I am currently deploying some code on a fleet of raspberry pi systems. The systems all have python 3.7.x installed but one of my team's custom libraries has some python 3.8 features (a few walrus operators, etc). I need to modify my library to remove all of the 3.8 features so that the code runs on these machines. I am not able to update the python version on them. Is there a script or tool that exists to batch check if a file or folder of files is compatible with python 3.7? I'm thinking something similar to how flake8 or black can check for issues.

CodePudding user response:

Run a static analysis tool, like pylint or mypy, and make sure that it's running on the appropriate version of Python. One of the first things these tools do is parse the code using the Python parser, and they'll report any SyntaxErrors they find.

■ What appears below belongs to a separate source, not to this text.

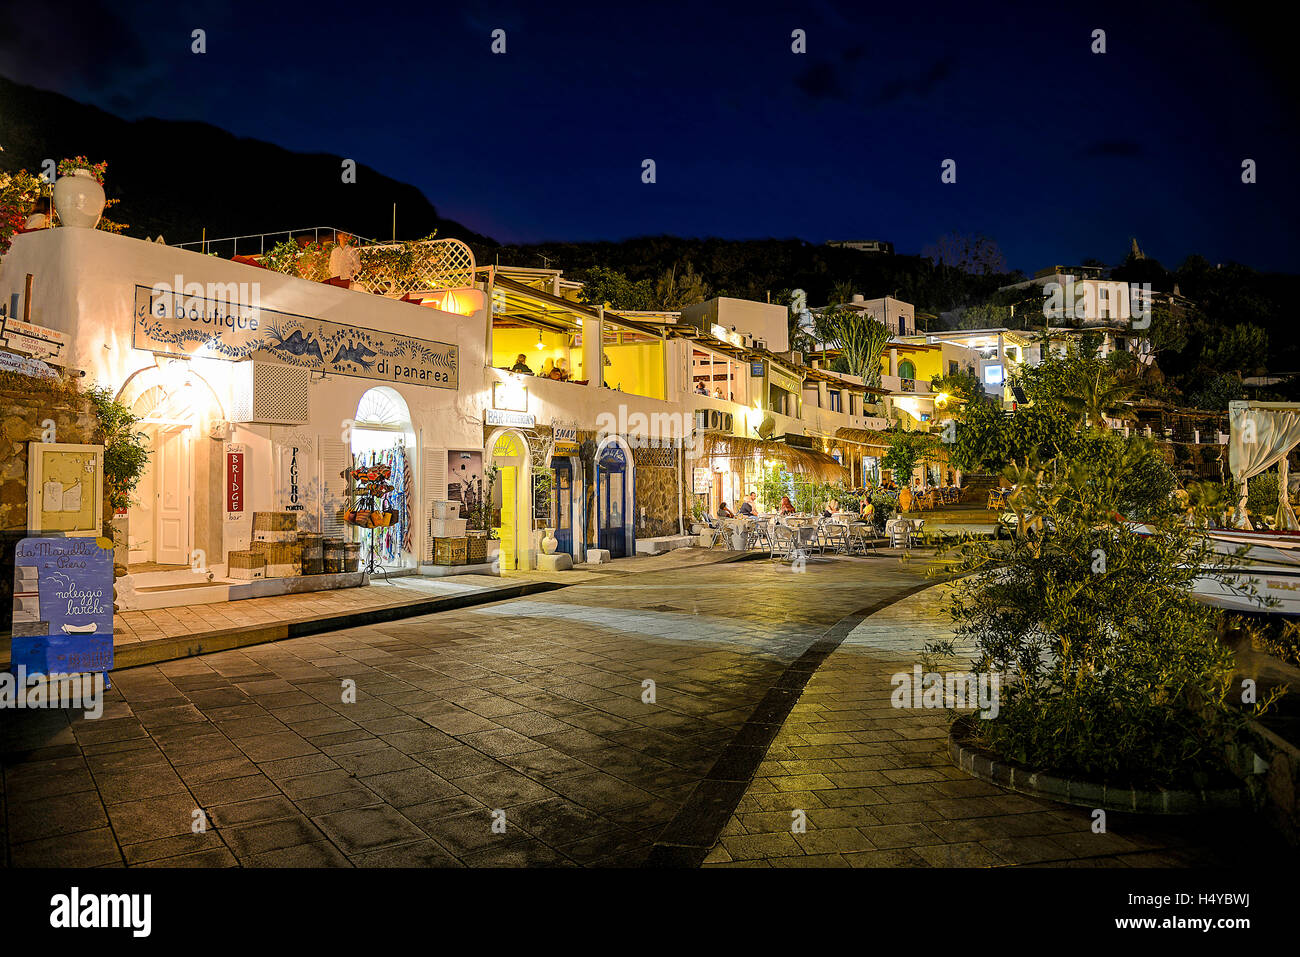 Italie Sicile Iles Eoliennes Panarea Vue de nuit sur le port de San Pietro Banque D'Images

CodePudding user response:

From my admittedly light research, there doesn't seem to be a tool specifically built for that. So I will tell you three ways to find out.

1. Just run it

I guess one way would be to just run it and check for errors. This is the most obvious way to do it. But that would be somewhat impractical. You need to check a massive amount of files. So this way might not work for you. I tried this with a test file, and here are the errors if I run it in Python 3.7:

File "test.py", line 3
    def cool_function(a, b, /):
                            ^
SyntaxError: invalid syntax

You might notice that there are many 3.8 features used in this file, and those don't show up.

2. Just compile it

Well, you're in luck! If you didn't know already, Python is technically a compiled programming language. It compiles first to bytecode, then runs it. You can actually compile Python without running it! You can use the py_compile tool for this! You can use it like this:

python -m py_compile fileA.py fileB.py fileC.py

Unfortunately, this has the same problem as the above other solution. It will stop after finding one error. But it could be good if you want to slowly port these scripts, going error by error.

3. (Potentially) the tool

You can use Pylint for this purpose. If you use the --py-version flag, you can set the version you want to check compatibility for. You can also use Flake8 for this, but you can't use that flag. You will have to install Pylint with the version of python you want to check for.